RFR: 8325467: Support methods with many arguments in C2 [v17]
Emanuel Peter
epeter at openjdk.org
Wed Apr 23 08:30:00 UTC 2025
On Thu, 10 Apr 2025 09:44:14 GMT, Daniel Lundén <dlunden at openjdk.org> wrote:
>> If a method has a large number of parameters, we currently bail out from C2 compilation.
>>
>> ### Changeset
>>
>> Allowing C2 compilation of methods with a large number of parameters requires fundamental changes to the register mask data structure, used in many places in C2. In particular, register masks currently have a statically determined size and cannot represent arbitrary numbers of stack slots. This is needed if we want to compile methods with arbitrary numbers of parameters. Register mask operations are present in performance-sensitive parts of C2, which further complicates changes.
>>
>> Changes:
>> - Add functionality to dynamically grow/extend register masks. I experimented with a number of design choices to achieve this.
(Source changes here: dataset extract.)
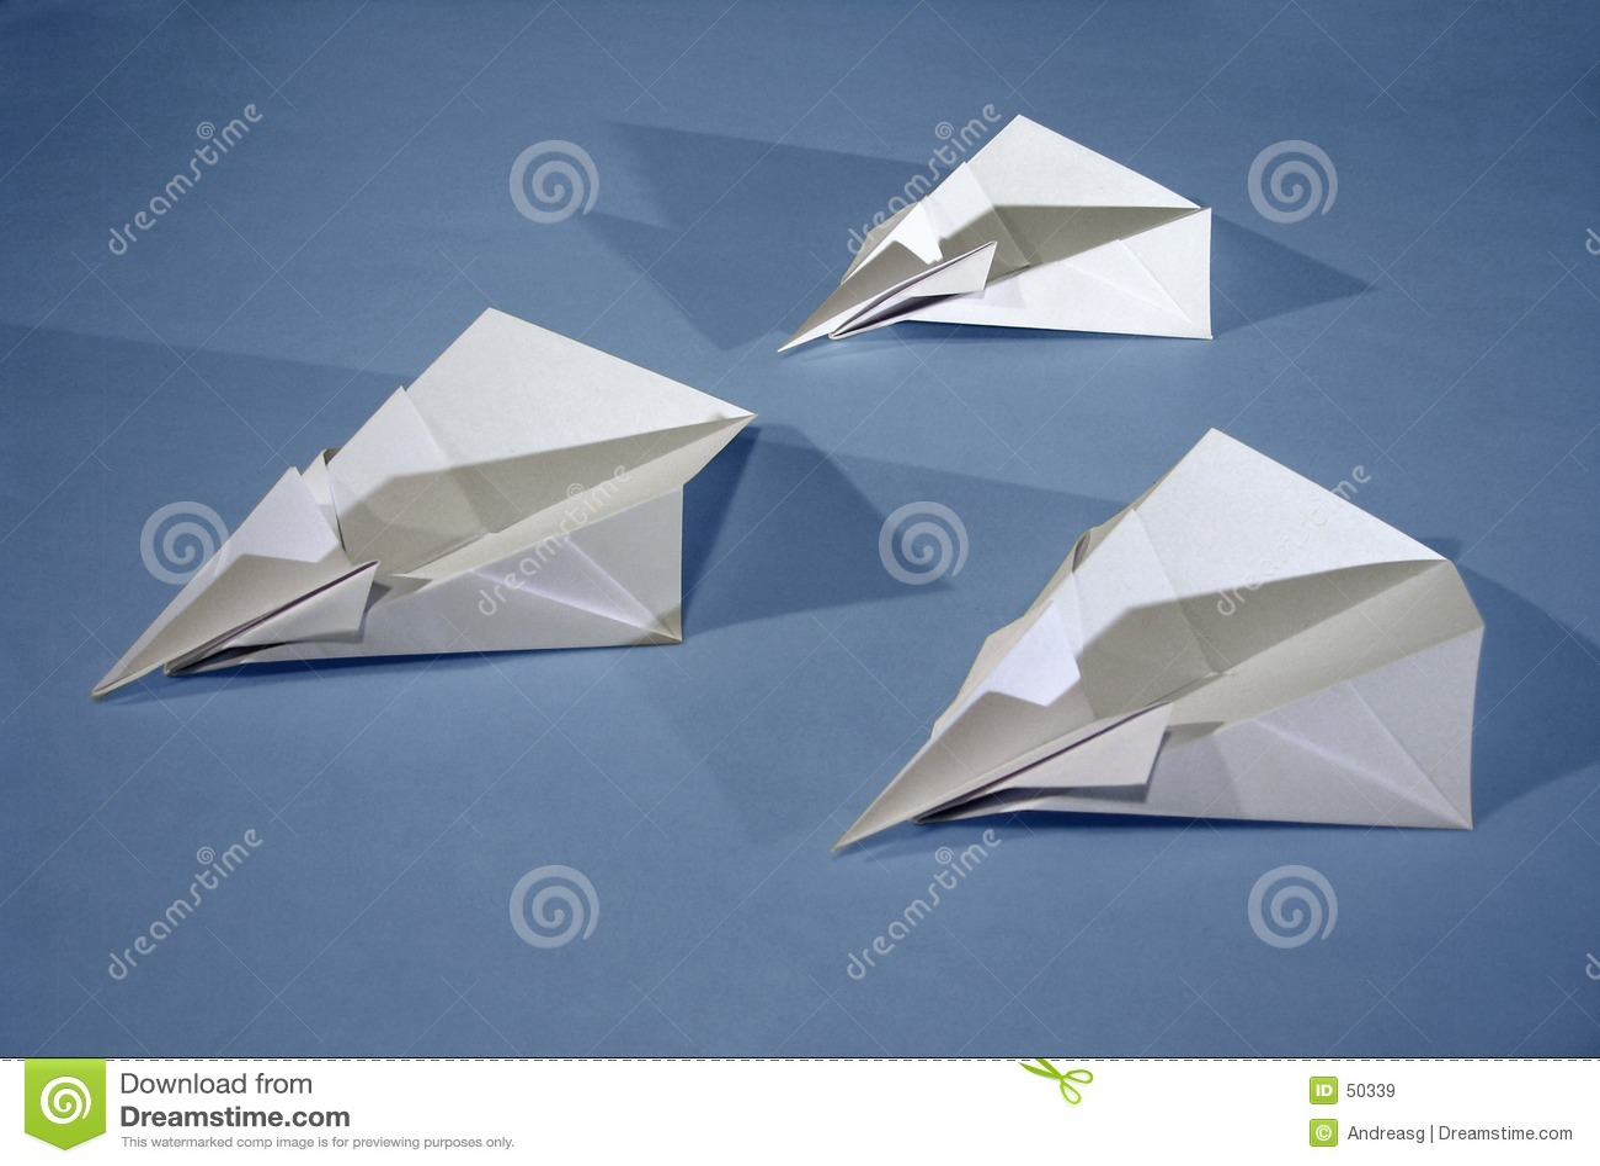 3 aviones de papel

To keep the common case (normal number of method parameters) quick and also to avoid more intrusive changes to the current `RegMask` interface, I decided to leave the "base" statically allocated memory for masks unchanged and only use dynamically allocated memory in the rare cases where it is needed.
>> - Generalize the "chunk"-logic from `PhaseChaitin::Select()` to allow arbitrary-sized chunks, and also move most of the logic into register mask methods to separate concerns and to make the `PhaseChaitin::Select()` code more readable.
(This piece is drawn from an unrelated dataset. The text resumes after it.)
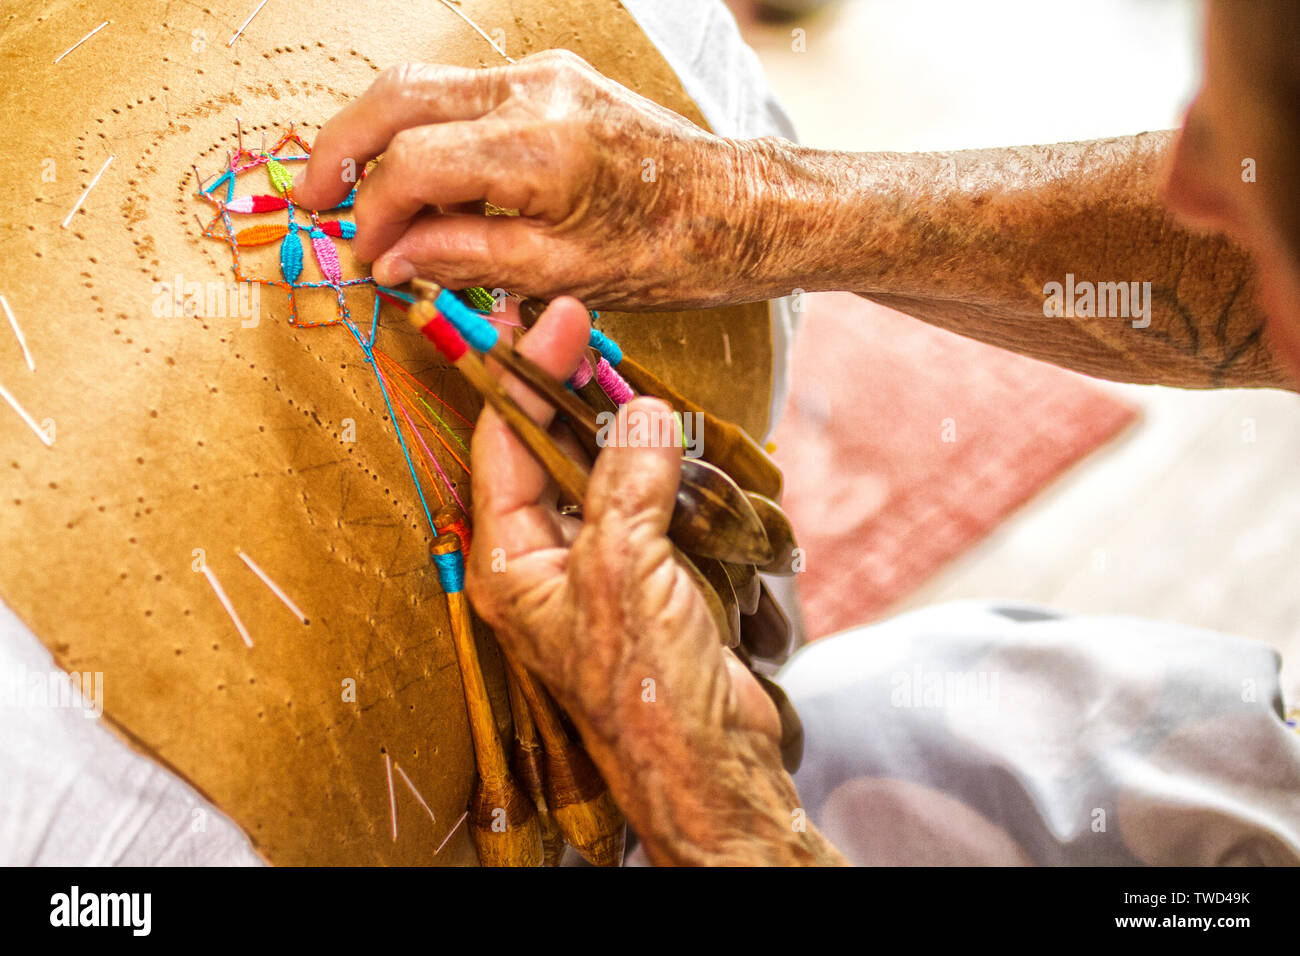 Hands of an artisan woman doing bobbin lace work in Sambaqui, at Santo Antonio de Lisboa district. Florianopolis, Santa Catarina, Brazil. - Stock Image

>> - Remove all `can_represent` checks and bailouts.
>> - Performance tuning. A particularly important change is the early-exit optimization in `RegMask::overlap`, used in the performance-sensitive method `PhaseChaitin::interfere_with_live`.
>> - Add a new test case `TestManyMethodArguments.java` and extend an old test `TestNestedSynchronize.java`.
>>
>> ### Testing
>>
>> - [GitHub Actions](https://github.com/dlunde/jdk/actions/runs/10178060450)
>> - `tier1` to `tier4` (and additional Oracle-internal testing) on Windows x64, Linux x64, Linux aarch64, macOS x64, and macOS aarch64.
>> - Standard performance benchmarking. No observed conclusive overall performance degradation/improvement.
>> - Specific benchmarking of C2 compilation time. The changes increase C2 compilation time by, approximately and on average, 1% for methods that could also be compiled before this changeset (see the figure below). The reason for the degradation is further checks required in performance-sensitive code (in particular `PhaseChaitin::remove_bound_register_from_interfering_live_ranges`). I have tried optimizing in various ways, but changes I found that lead to improvement also lead to less readable code (and are, in my opinion, no...
>
> Daniel Lundén has updated the pull request incrementally with one additional commit since the last revision:
>
> Refactor and improve TestNestedSynchronize.java
Now I only have the tests remaining. Here some more VM code comments.
src/hotspot/share/opto/regmask.hpp line 429:
> 427: }
> 428:
> 429: RegMask(const RegMask& rm) : RegMask(rm, nullptr) {}
This is the copy constructor, right? Can you add a comment what kind of implementation you chose here, and why?
src/hotspot/share/opto/regmask.hpp line 448:
> 446: }
> 447:
> 448: // Empty mask check. Ignores registers included through the all-stack flag.
Suggestion:
// Empty mask check. Ignores registers included through the all_stack flag.
For "greppability"
src/hotspot/share/opto/regmask.hpp line 452:
> 450: assert(valid_watermarks(), "sanity");
> 451: for (unsigned i = _lwm; i <= _hwm; i++) {
> 452: if (_rm_up(i)) {
Is this an implicit `nullptr` check? If so, you need to make it explicit, the style guide forbids implicit null checks.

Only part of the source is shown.